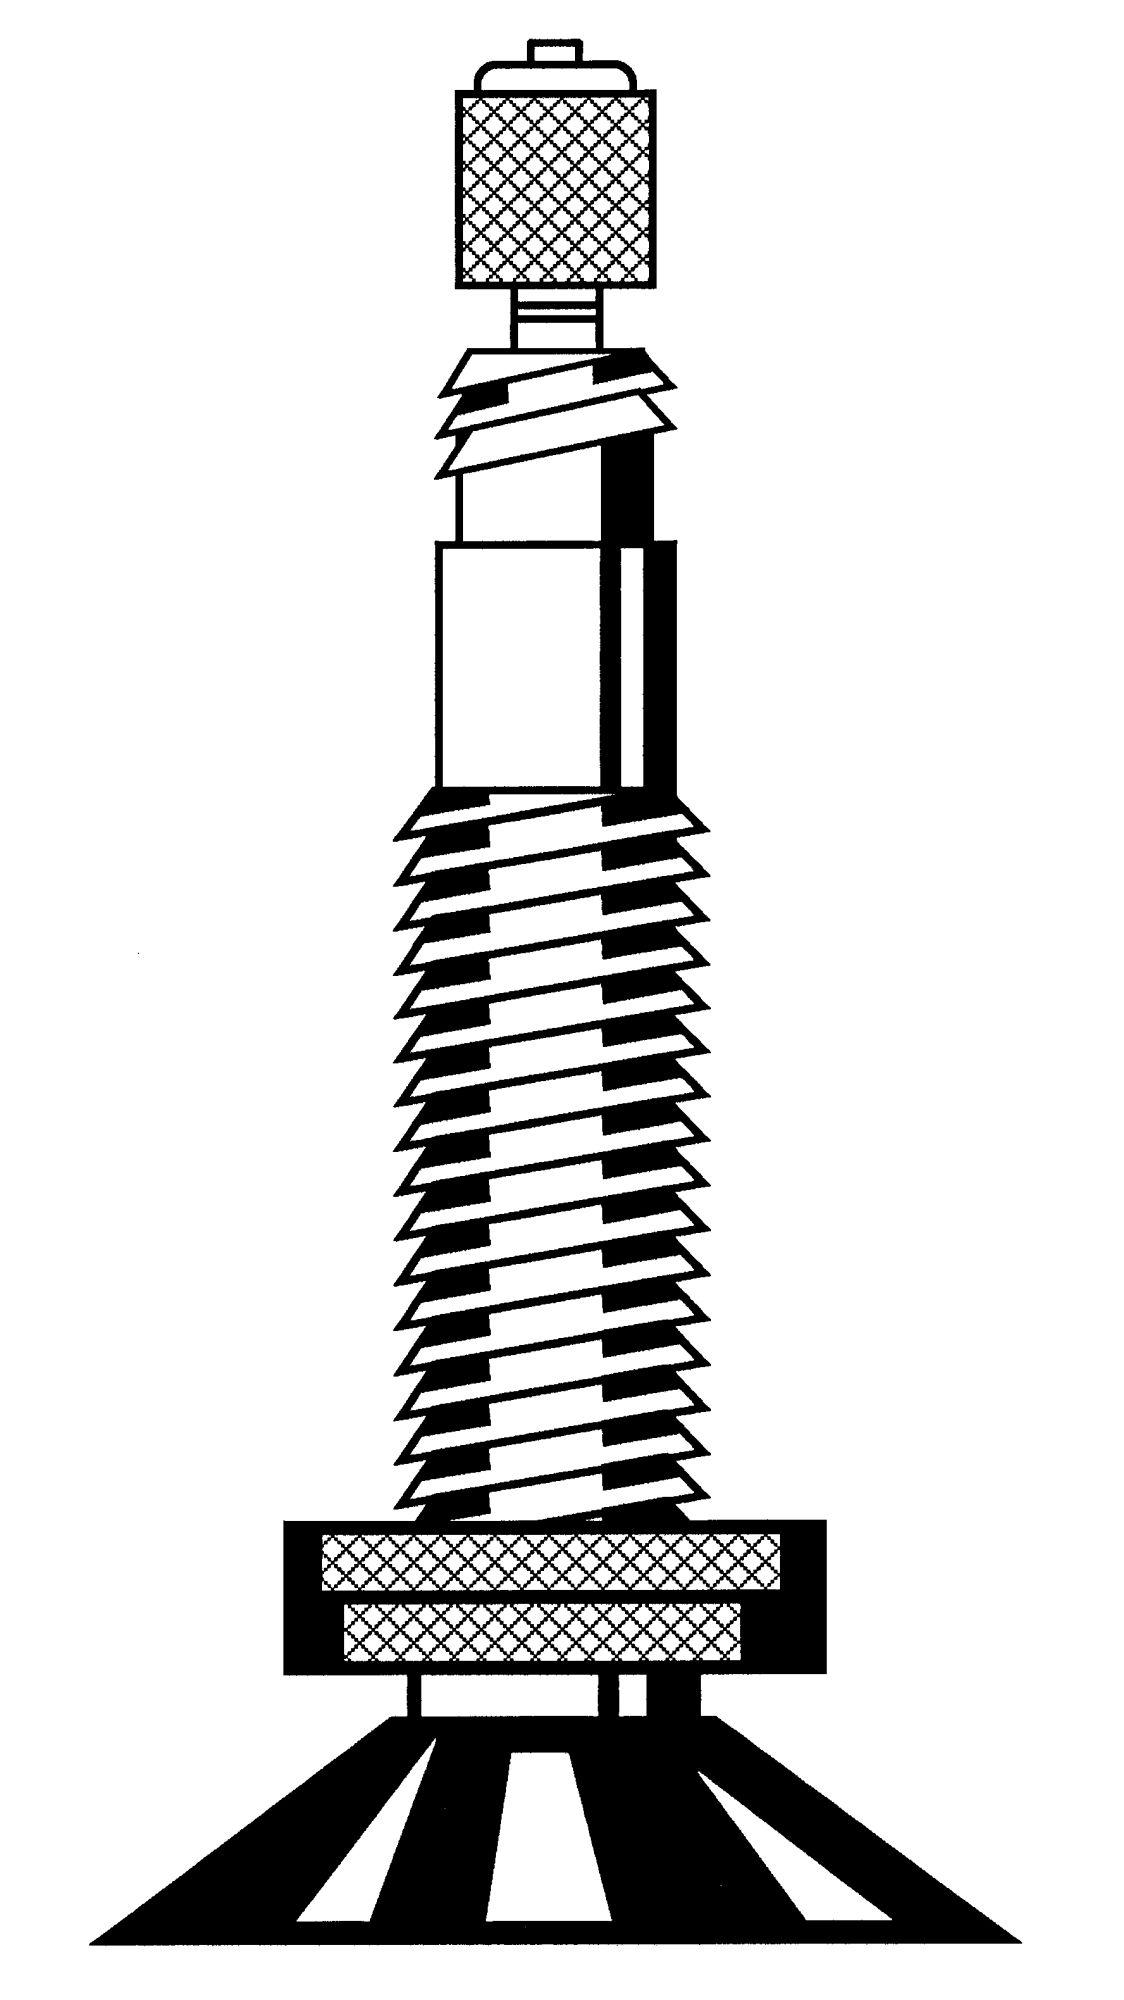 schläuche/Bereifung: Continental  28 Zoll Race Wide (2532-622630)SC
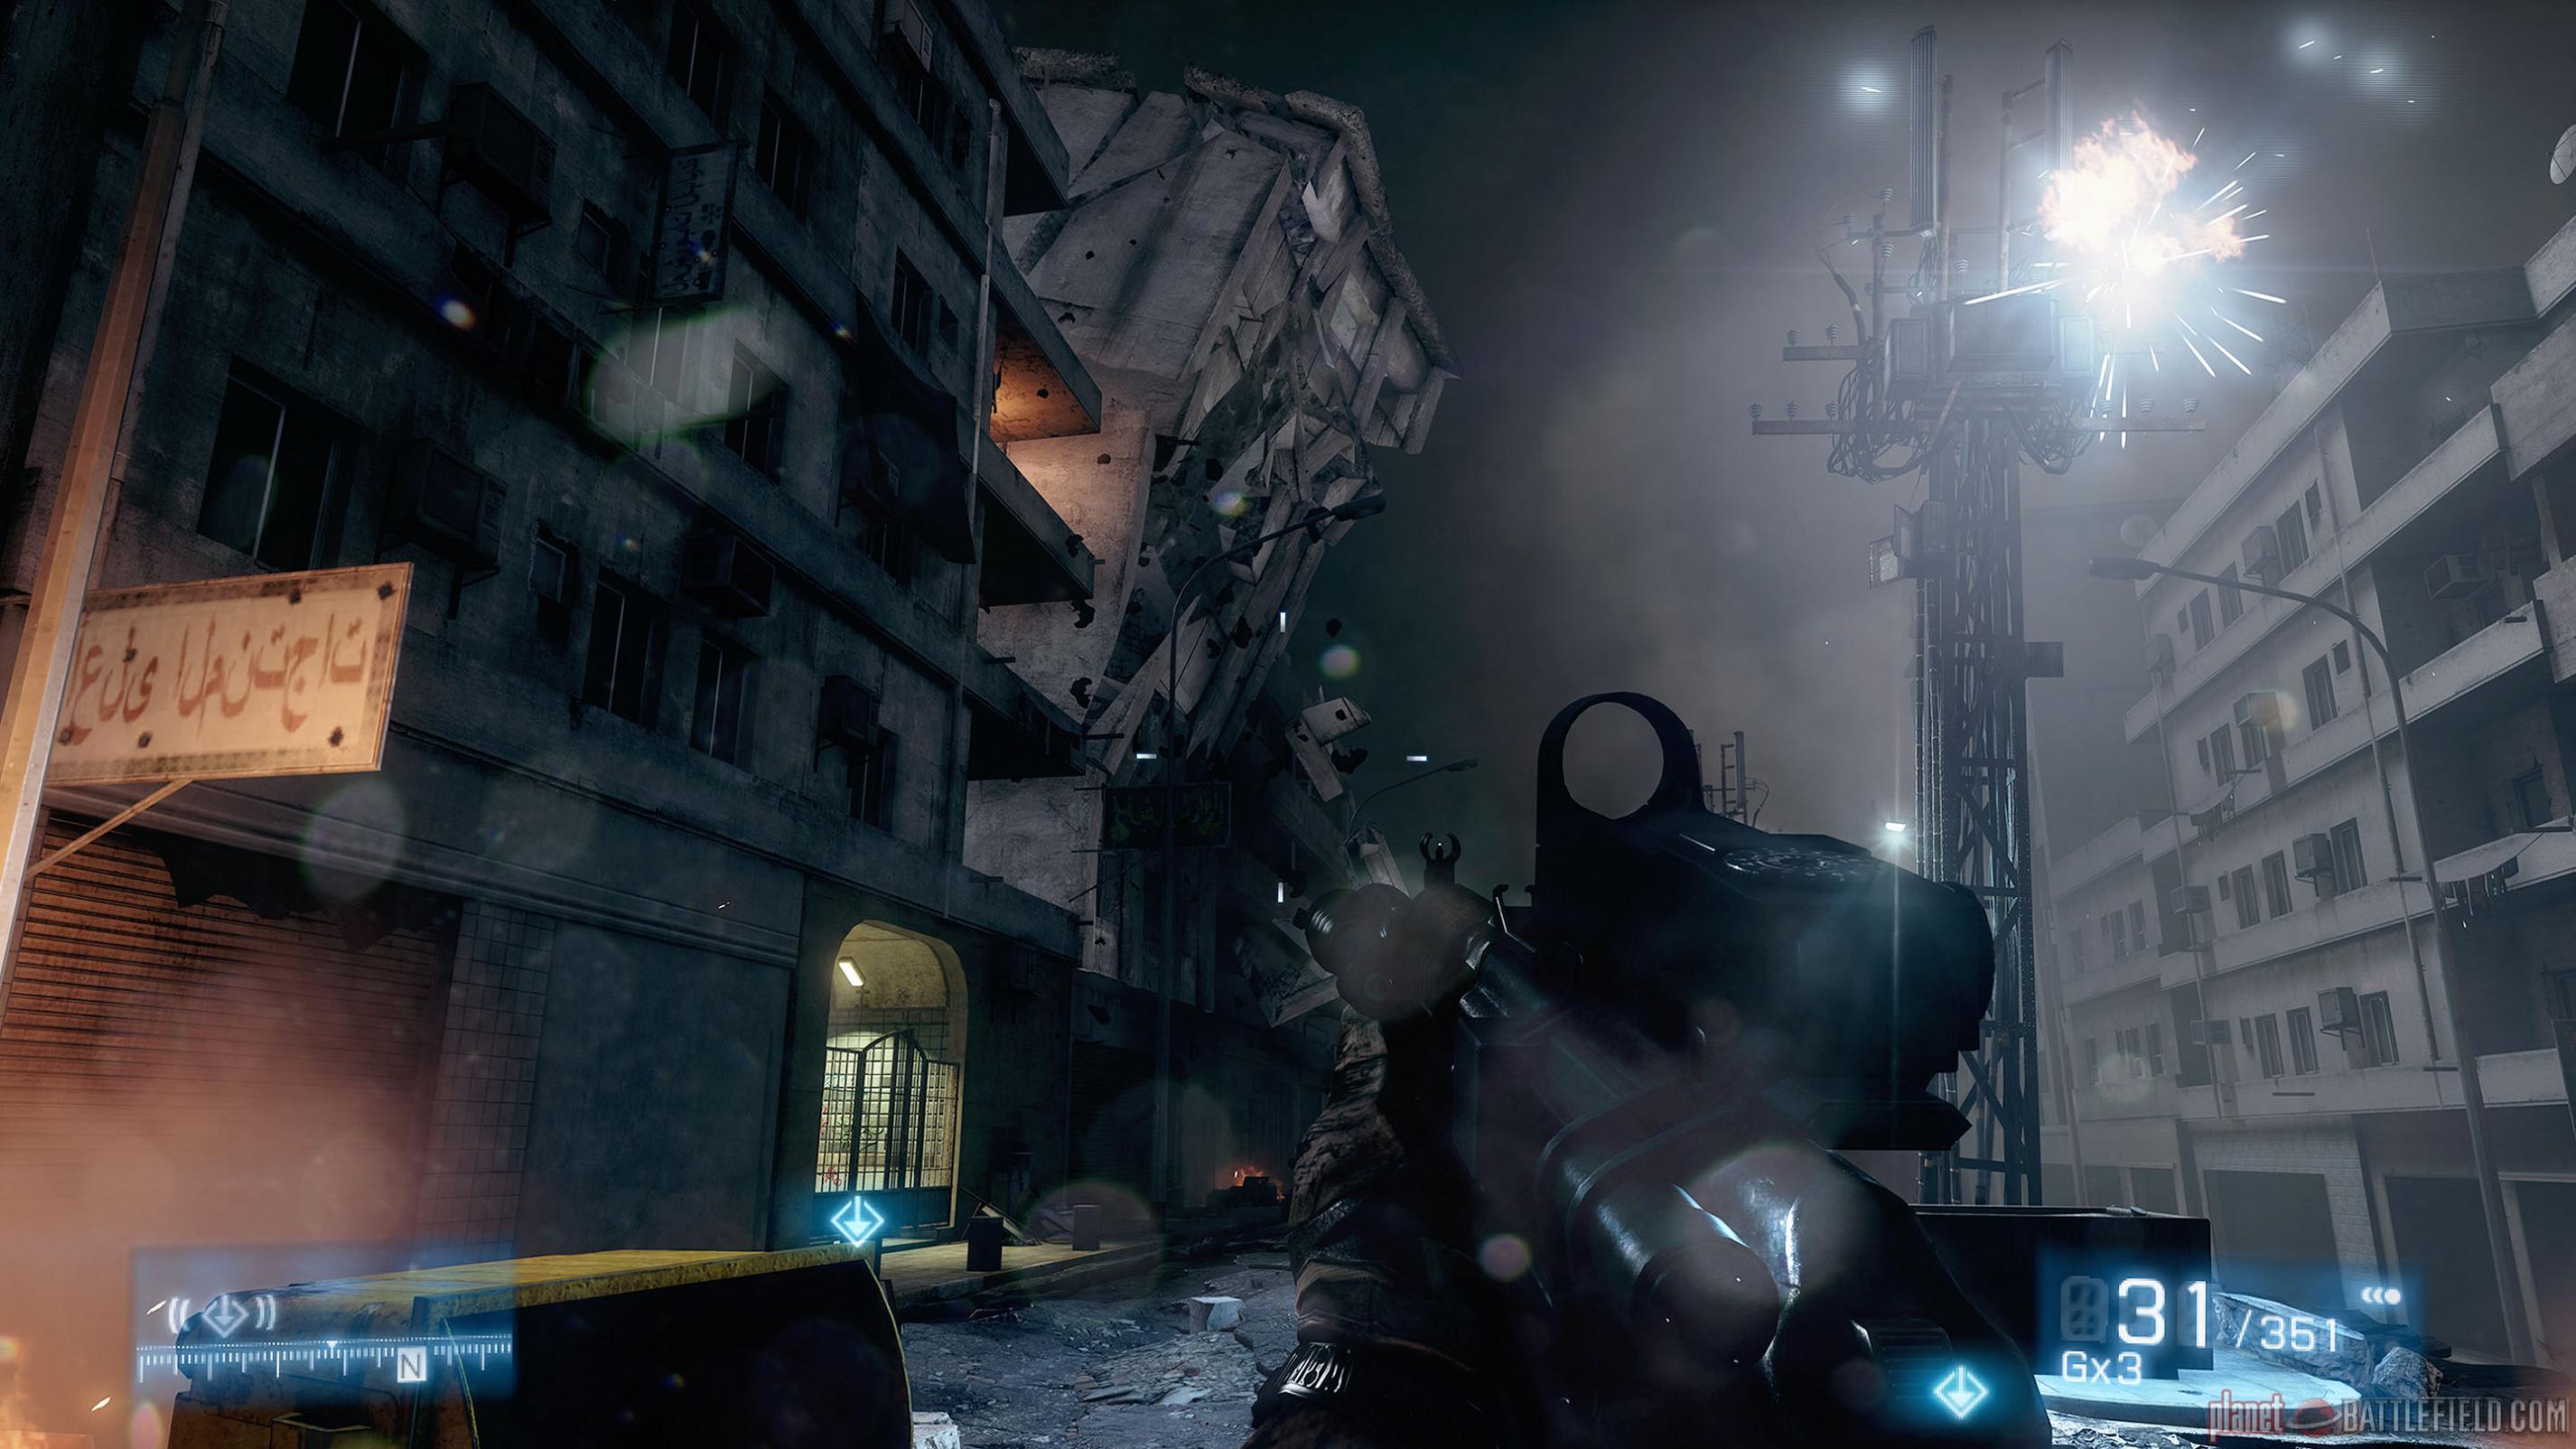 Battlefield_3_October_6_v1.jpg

...

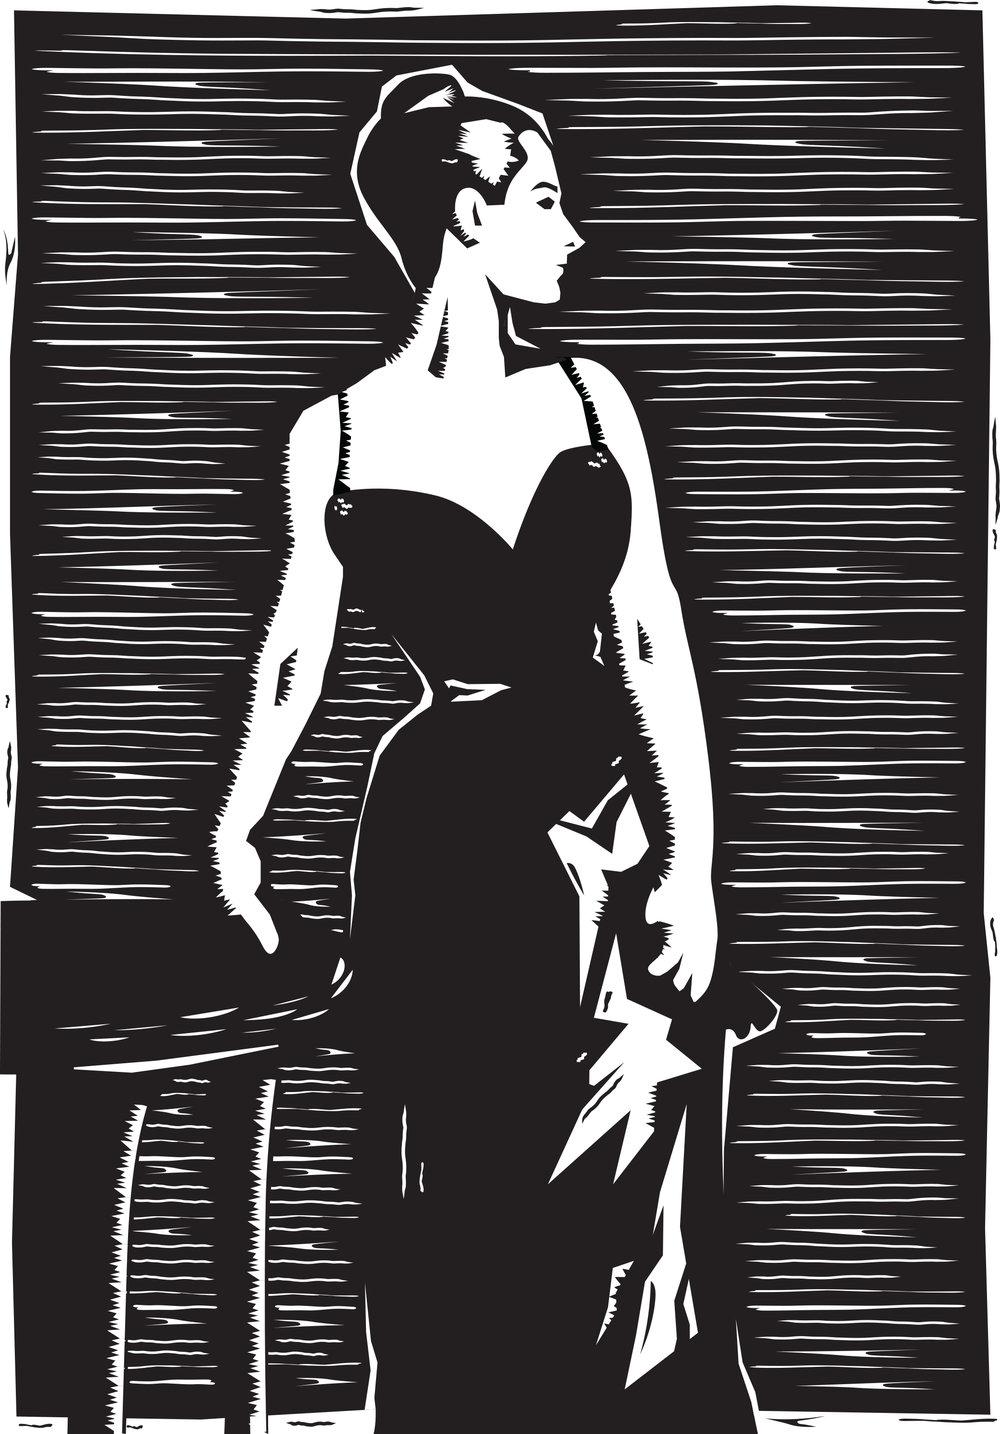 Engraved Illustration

» What to produce
Transcribe the listing above exactly, but only from the line with "Race Wide (2532-622630)SC" through the line with "Battlefield_3_October_6_v1.jpg". Include both of those lines and omit the pictures.

» Solution to this task
 schläuche/Bereifung: Continental  28 Zoll Race Wide (2532-622630)SC
 Battlefield_3_October_6_v1.jpg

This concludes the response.